By Mariam Jooma Carikci
As the daily Israeli killing and maiming of civilians in Gaza continues unabated—and now, arguably, in routine fashion—the questions persist: What will it take to pull the plug on Netanyahu’s killing bots? Who will speak for the thousands of child amputees, orphans and widows? Which moral voice carries enough weight to demand justice, when even the pope’s call goes unanswered?
And what privilege should we afford politicians from both the West and the Global South to chart a path out of this civilizational darkness? The answer, I would argue, is none. No political leader anywhere in the world deserves to be vested with hope for a better future—least of all the current cohort of hypocrites ruling the planet.
One hallmark of a visionary leader is the ability to anticipate the obstacles on the road to real change. In this respect, the legacy of Steve Bantu Biko remains instructive. In I Write What I Like, Biko warned: “The biggest mistake the black world ever made was to assume that whoever opposed apartheid was an ally.” It was a sharp critique of superficial solidarity. Biko wasn’t dismissing all white opposition to apartheid, but cautioning against uncritically embracing people—or states—just because they appear to oppose oppression.
His point was clear: opposing one form of injustice doesn’t automatically make someone committed to justice as a principle—especially if that opposition entails no risk, no sacrifice, and no alignment with the oppressed.
Thirty-one years later, Biko’s insight remains relevant. Among the loudest critics of the U.S. empire and its Zionist outpost, Israel, are the BRICS nations—Brazil, Russia, India, China and South Africa. These countries have cast themselves as champions of a “multipolar world,” posturing as the vanguard of an alternative to U.S. hegemony. Yet trade figures tell a different story.
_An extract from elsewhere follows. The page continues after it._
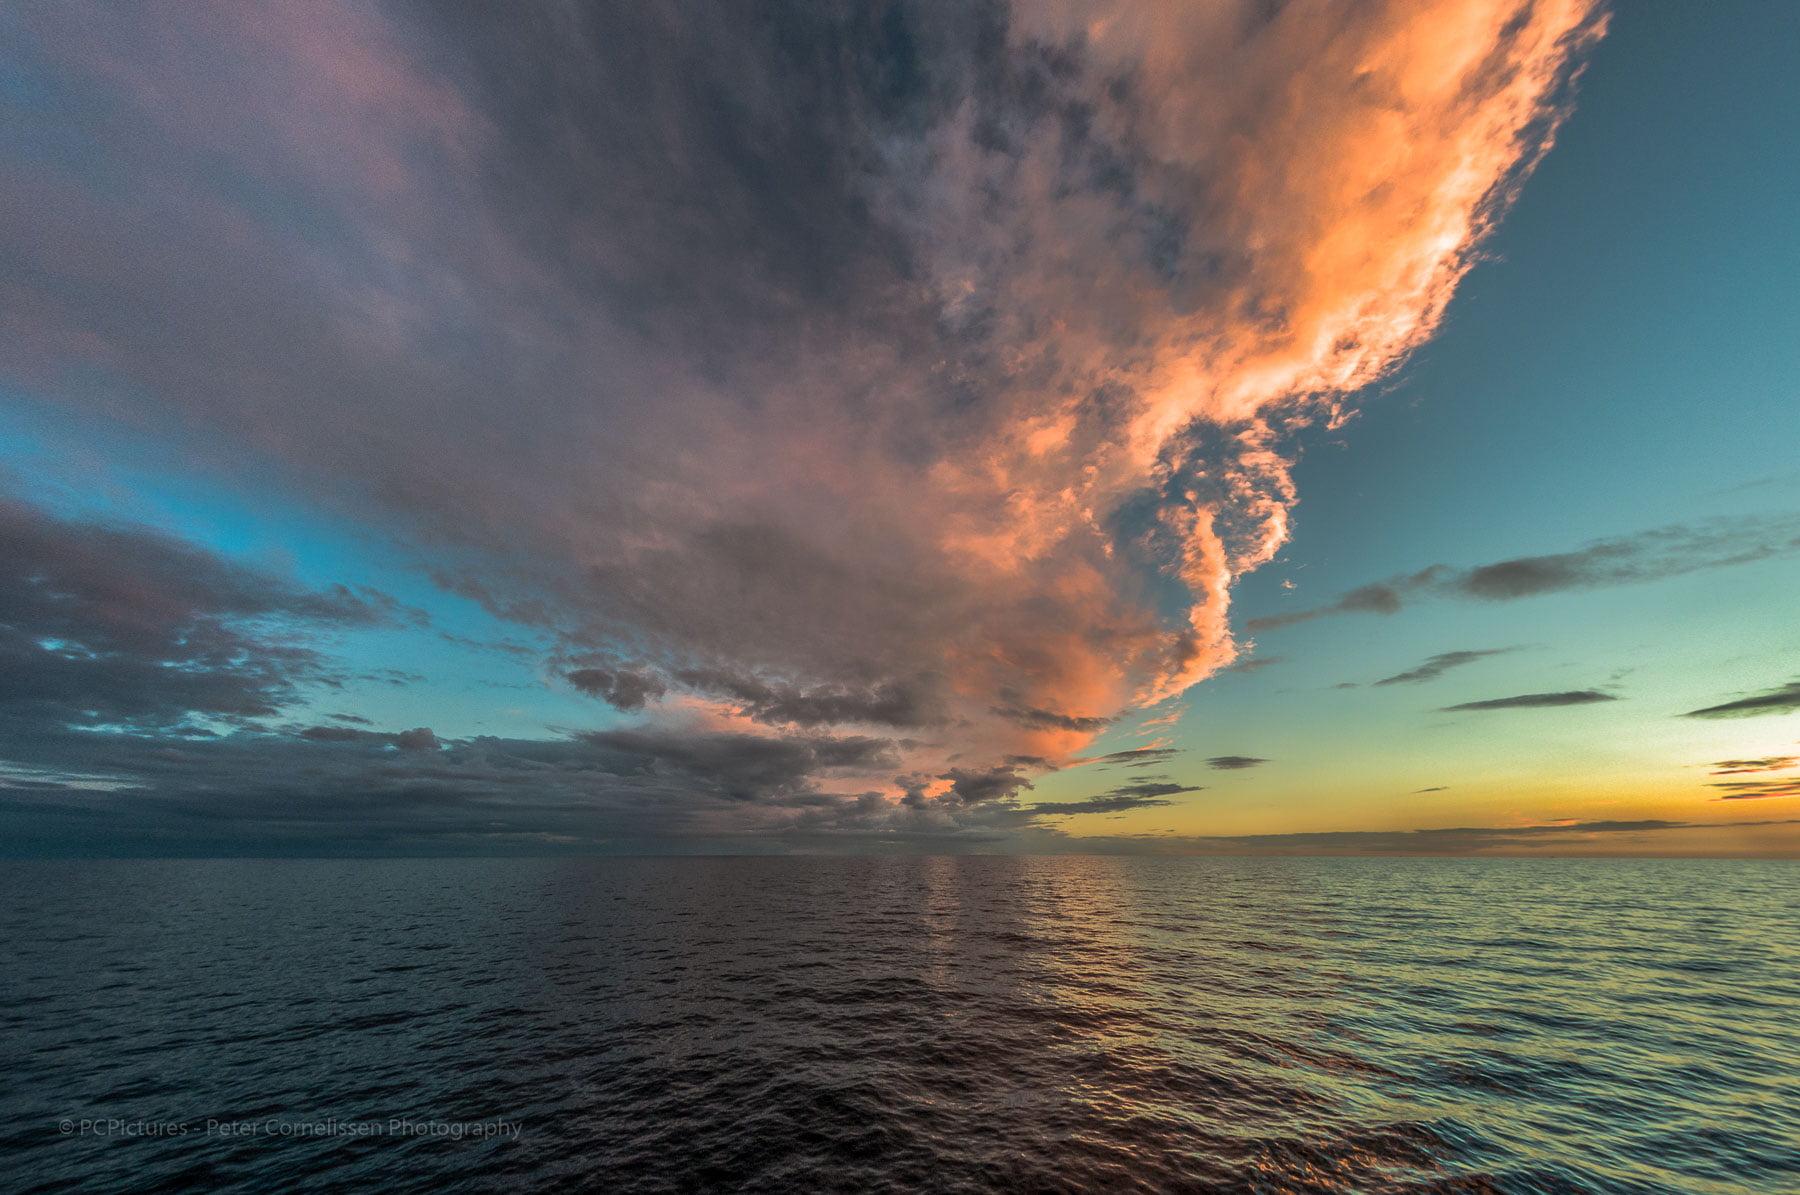 Clouds, Foto catagoriëen, Seascape, St George Channel, Sunset, Zonsondergang, lken, pcpictures.nl, zeegezicht

According to CounterPunch (October 2024), nearly all BRICS members continue to actively nurture economic ties with Israel. India, for example, recorded bilateral trade exceeding $10 billion in 2023, including defense deals that directly boost the Israeli military-industrial complex—military hardware that is often tested in Gaza and branded “battle-proven.” While Prime Minister Narendra Modi has expressed “deep concern” over the violence and called for peace, India’s defense contracts are feeding the very machinery driving the genocide of Palestinians.
Brazil doubled its imports of Israeli fertilizer even after the October 2023 escalation. China, which holds the ideological mantle of anti-imperialist politics and has formally supported Palestinian statehood, continues bilateral trade with Israel estimated at $14 billion in 2024. Even as President Xi Jinping called at the China-Arab States Cooperation Forum in May 2024 for a peace conference to end the “tremendous suffering” in Gaza—emphasizing that Israel’s war “should not continue indefinitely” and that “justice should not be absent forever”—business with Tel Aviv carried on.
Russia, mired in its own war in Ukraine and eager to present itself as an anti-Western power, has maintained full diplomatic and economic ties with Israel. Its war economy thrives in geopolitical instability, and it leverages rhetorical opposition to the West for strategic profit, not principled justice.
And then there is South Africa. While arguably the most vocal BRICS critic of Israel, its moral stance has so far remained symbolic. The government’s International Court of Justice case against Israel may be a powerful gesture—but trade has not ceased. South Africa still exports coal to Israel and has made no move to sever economic ties.
Realpolitik reigns. The language of peace and justice is reduced to a coat of lipstick on the pig of a global capitalist order. If BRICS is to truly offer an alternative vision for the world, its member states—led by South Africa—must collectively adopt the following measures:
- Ban the export of coal and critical minerals to Israel.
- Suspend defense-related cooperation and imports.
- Restrict Israeli investment in key sectors such as telecommunications and agriculture.
- Strengthen customs regimes to block Israeli goods from BRICS markets.
Until such measures are enacted, the moral authority of BRICS remains as compromised as that of the United States and Europe—who have aided and abetted the mass killing of babies, children, and unarmed civilians. Biko’s warning echoes still: an ally is only worthy of that name when real sacrifices are made for the greater good. Everything else is mere opportunism.